Benefits Summary and Overview
This page is a benefits summary and overview of key plan information for Martin's Point Generations Advantage Prime (HMO-POS). The information on this page is a summary only.
For a complete listing of all available benefits and cost information on Martin's Point Generations Advantage Prime (HMO-POS) in 2026, please refer to our full plan details page.
Martin's Point Generations Advantage Prime (HMO-POS) is a HMO-POS plan offered by Martin's Point Health Care, Inc. available for enrollment in 2026 to people living in Northeastern ME. This plan received an overall rating of 4 out of 5 stars in 2026.
It's important to know that Martin's Point Generations Advantage Prime (HMO-POS) is a Medicare Advantage (MA) Plan with drug coverage. That means that this plan covers both medical services and prescription drugs.
Below are a few key facts and commonly-asked questions about Martin's Point Generations Advantage Prime (HMO-POS).
The cost of a Medicare Advantage Plan is made up of four main parts.
For Martin's Point Generations Advantage Prime (HMO-POS), the main costs are as follows:
Monthly Premium
The Monthly Premium for this plan is $109.00. This is the amount you must pay every month.
This plan does not come with a Part B Premium reduction. You must continue to pay your Part B premium.
Deductibles
This plan does not have a health deductible. Your insurance coverage on covered health services will start immediately.

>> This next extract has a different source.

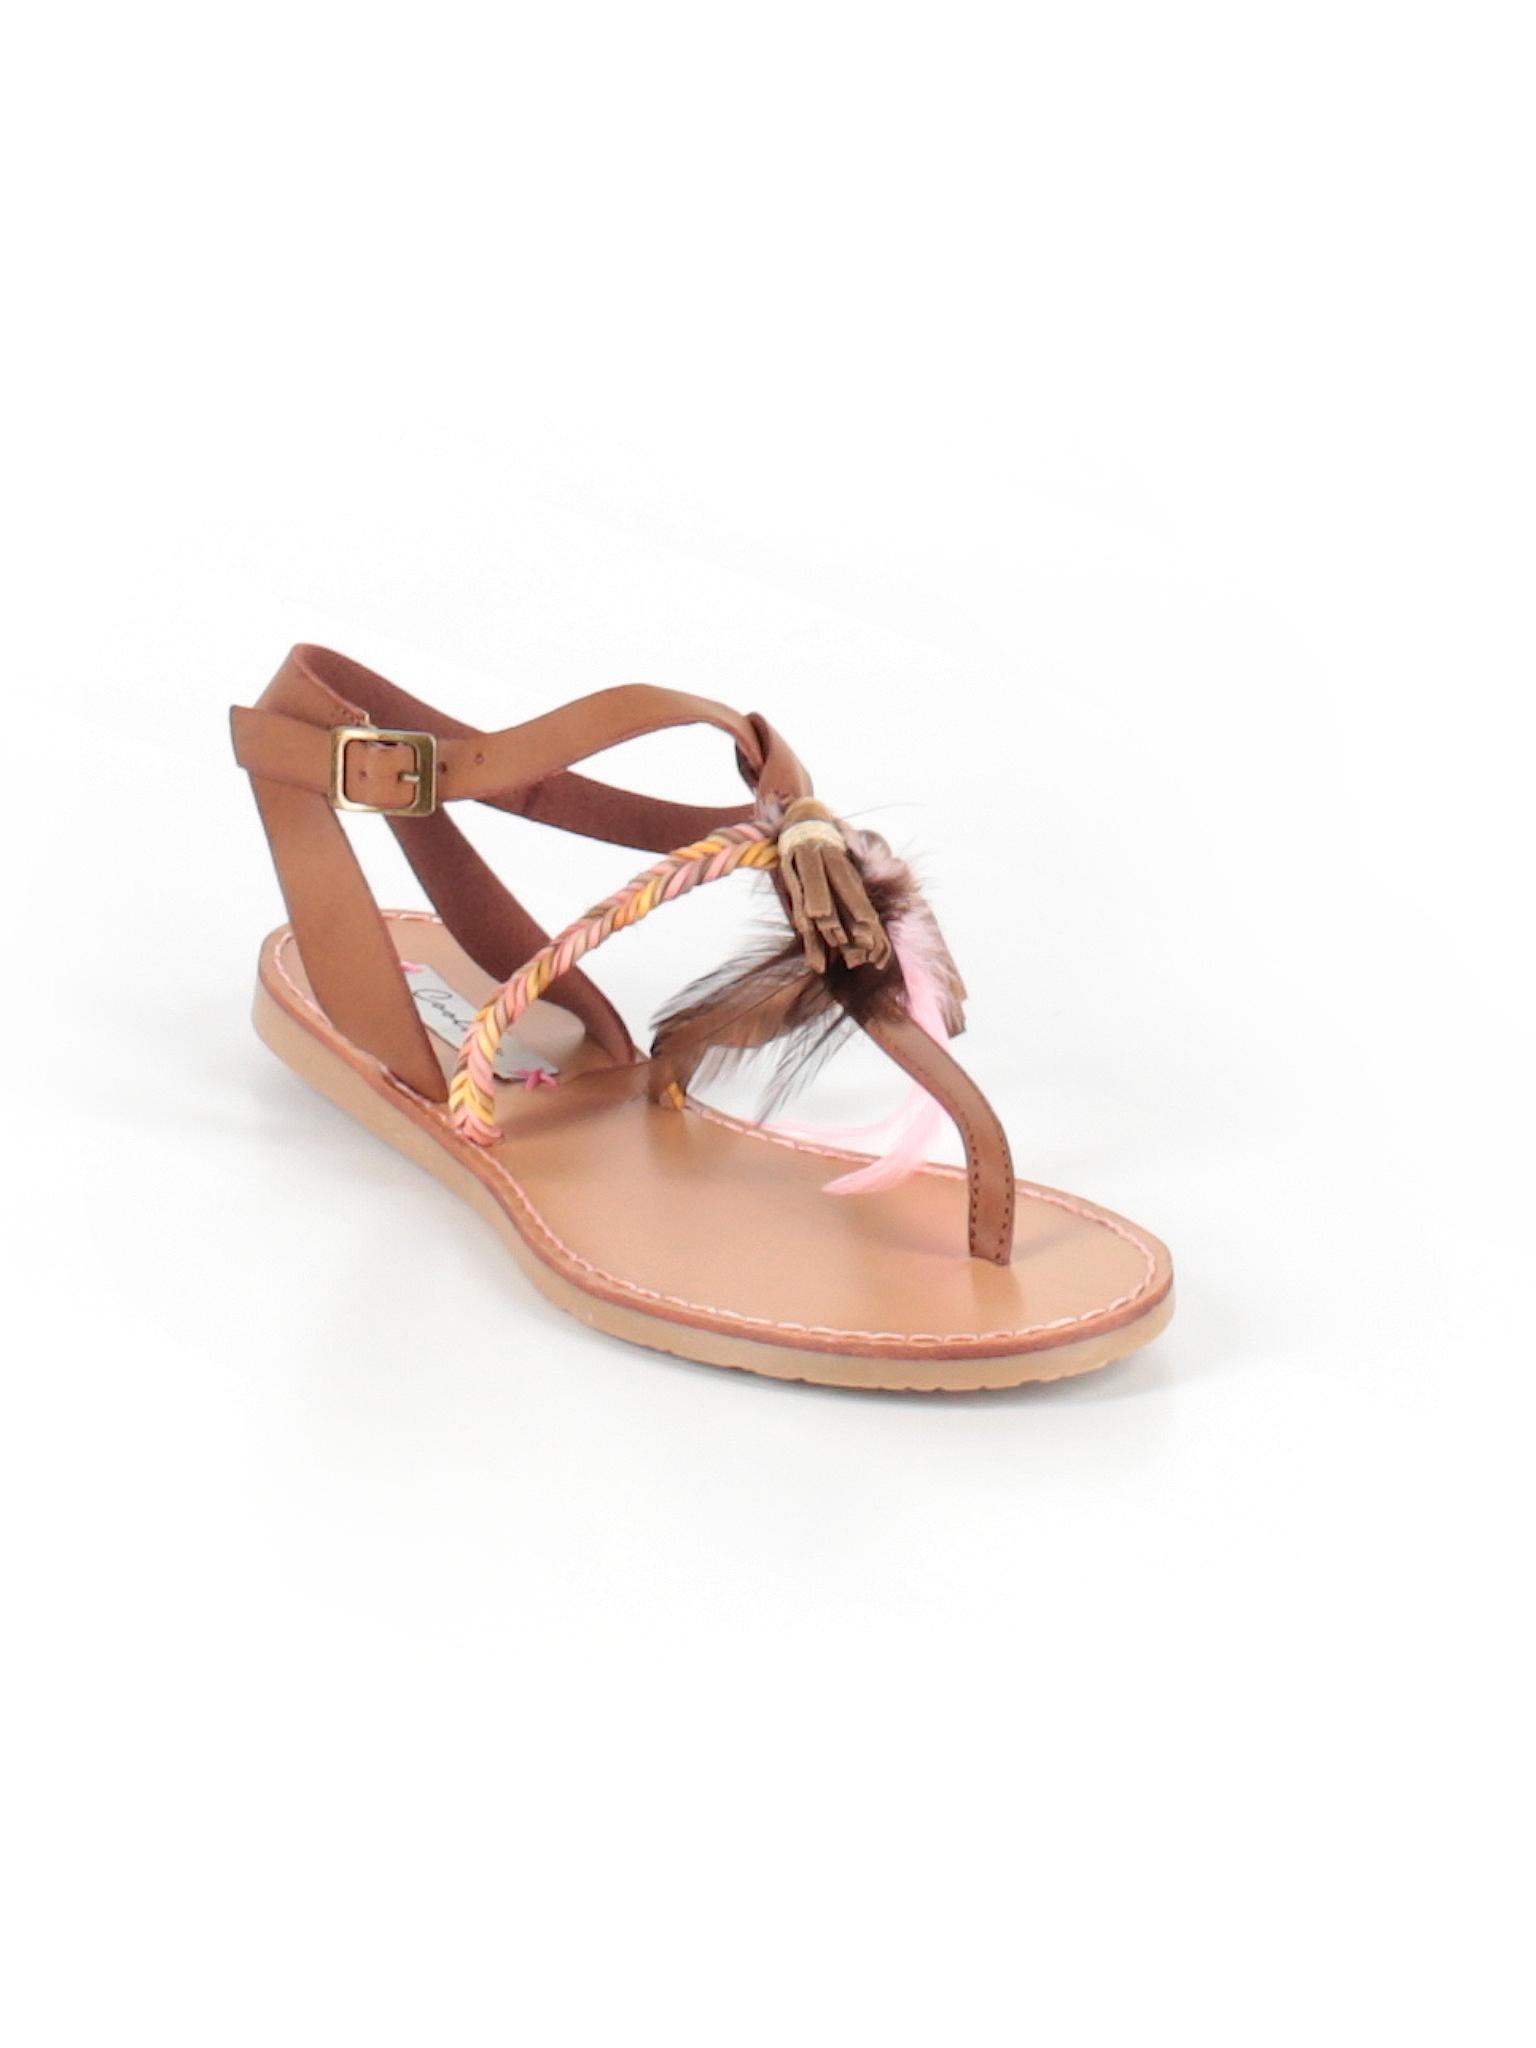 Boutique promotion Boutique promotion Coolway Coolway Sandals Sandals promotion Boutique v7Xvw

This plan has a $275.00 drug deductible. You will need to pay this amount towards covered prescriptions before your insurance coverage for prescription medications kicks in.
Out-of-Pocket Maximums
This plan has a combined Maximum Out-Of-Pocket cost of $7000.00 (in-network or out-of-network combined). You will pay copays, coinsurance, and deductibles toward this amount. Once your total out-of-pocket costs reach $7000.00 for covered services, the plan will pay 100% of covered costs for the rest of the year.
The plan may have separate out-pocket-maximums for in-network and out-of-network services. See our full plan details page for more information.
You can see below for the coinsurance and specific copayments for in the Additional Benefits section below, or refer to our Plan Details page for more details.
Need help deciding? Talk with one of our licensed insurance specialists 1-877-649-2073 / TTY 711. 8am-11pm EST. 7 days a week
The Martin's Point Generations Advantage Prime (HMO-POS) plan features an annual drug deductible of $275. For Tier 1 (Preferred Generic) and Tier 6 (Select Care) drugs, members pay no copay at preferred pharmacies or through standard mail order. Tier 2 (Generic) drugs also have no copay at preferred pharmacies, while standard pharmacies charge low copays starting at $4. Higher-tier medications under this plan require coinsurance instead of copays. Tier 3 (Preferred Brand) drugs have a flat 25% coinsurance, while Tier 4 (Non-Preferred) drugs carry a 30% to 32% coinsurance, and Tier 5 (Specialty) drugs require 29% coinsurance. Choosing preferred pharmacies for your prescriptions can help minimize your overall out-of-pocket costs.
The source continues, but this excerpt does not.